About Me
By the time I was 30 years old, I had attended 13 funerals. Two were for grandmothers, the rest were for friends, neighbors, or coworkers. At the time, I didn’t undertand why I had been to so many when my siblings had not been to even one, but I chalked it up to living in a small town with my husband and his family who had a large circle of connections.
At 45, my marriage came apart and my husband moved out of our family home. We had struggled to stay together for 21 years, and this was one of many times we had talked about separating. A year and a half after he moved out, he died in a car accident. His blood alcohol level was .21 (the legal limit is .08). That was in 2011. On January 1st, 2013, I got a phone call in the middle of the night telling me my mother, who lived 2,000 miles away from me, had died. A few years later, my adult daughter went to rehab. A few years after that, my mother-in-law, who had been more of a mother to me than my own mother, also died.
Then came 2020, the year we will all remember forever! A week before COVID closed down the world, I was diagnosed with breast cancer. I had two surgeries and radiation and started a new job. Then my father-in-law died, and my daughter moved back home, sober for the first time in ten years. In 2021, I got remarried–yay!! In 2022, my son got married. And then my dad died. A year later, my son announced that he was getting a divorce and blamed me for our “unhealthy relationship.” He wanted to go “no contact” and has not communicated with me for almost two years.
Hoping to repair my body and self-image, I went into surgery in 2024 to repair the scar left from my partial mastectomy. The plastic surgeon accidentally punctured my small intestine, leading to sepsis in my abdomen and breast.
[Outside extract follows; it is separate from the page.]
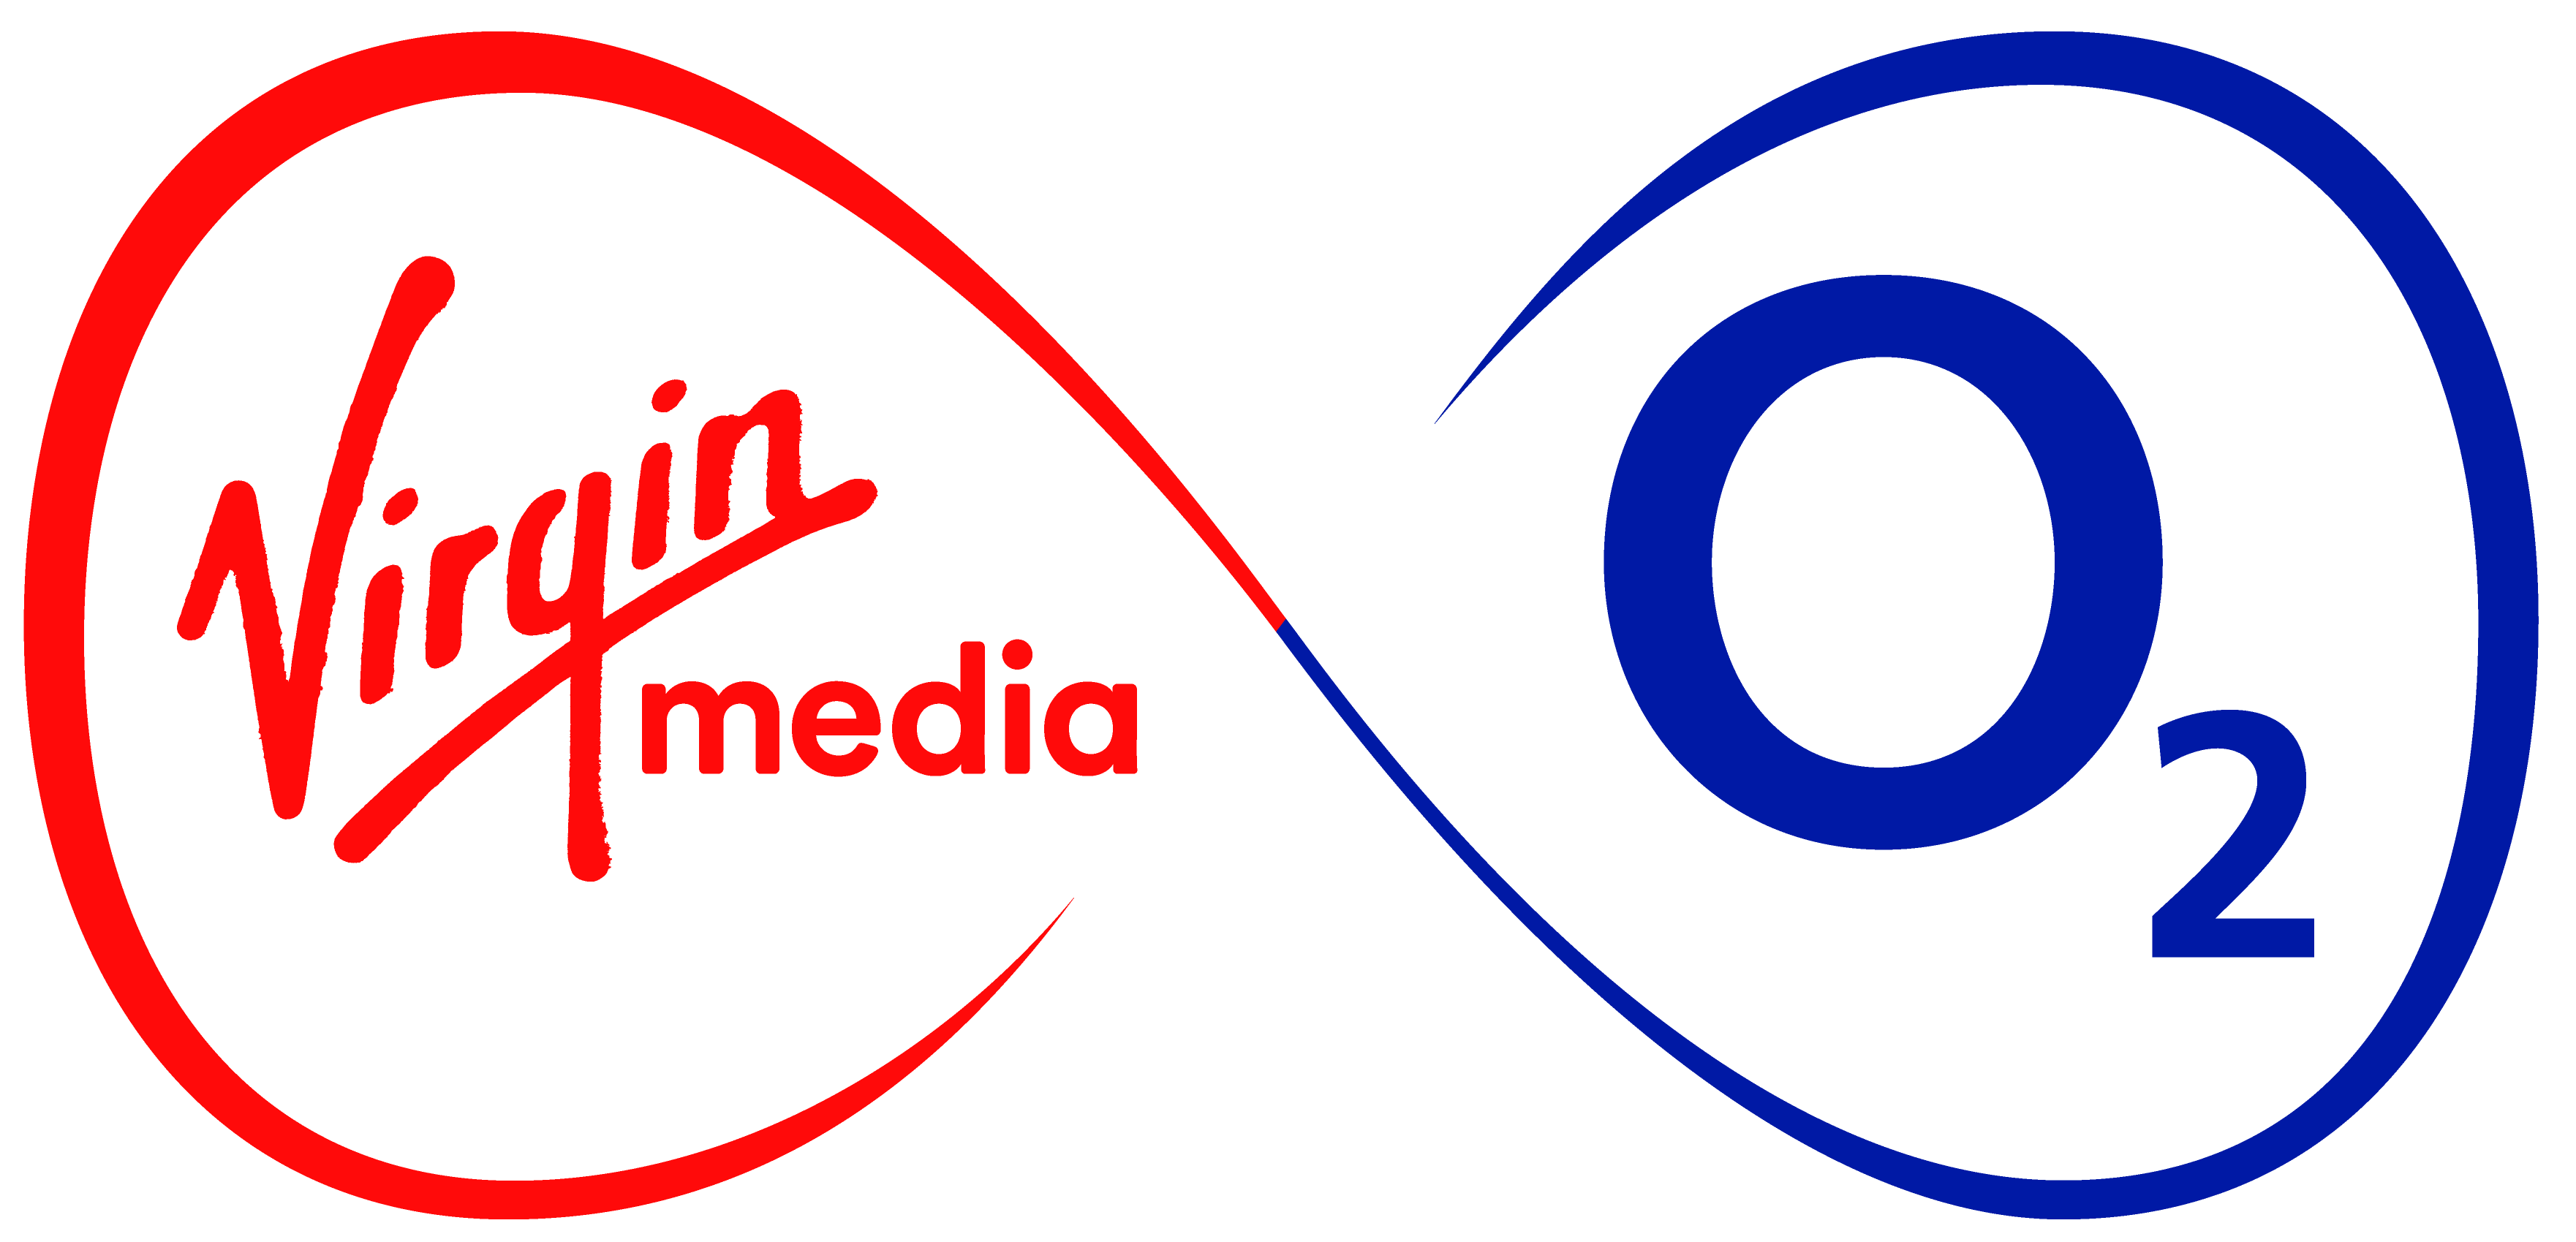 Virgin Media Big Bundle with O2 SIM offers 362 Mbps download speeds and 36 Mbps upload speeds. Customers get over 145 TV channels and a £75 bill credit.

I had four life-saving surgeries to debride my belly and breast, and an ileostomy place on my stomach for one year. That ostomy was reversed in 2025. I retired from my 25 year career as a teacher and gave myself time to heal.
Through all of these losses, I have come to learn a lot about grief. I have learned that it is multilayered, affecting our sense of identity, our hopes and dreams for the future, our bodies, our brains. Grief can resurface in all of our losses–death, retirement, health issues, estrangement. In this chapter of my life, I want to use my experiences to support others on the grief journey. Life does not always turn out the way we had hoped it would. I want to share my experiences, the strengths and skills I have gained, and the sense of hope that I hold onto that I will survive and thrive, and so will you.
Please know that you are not alone. There is help, there is hope. Day by day.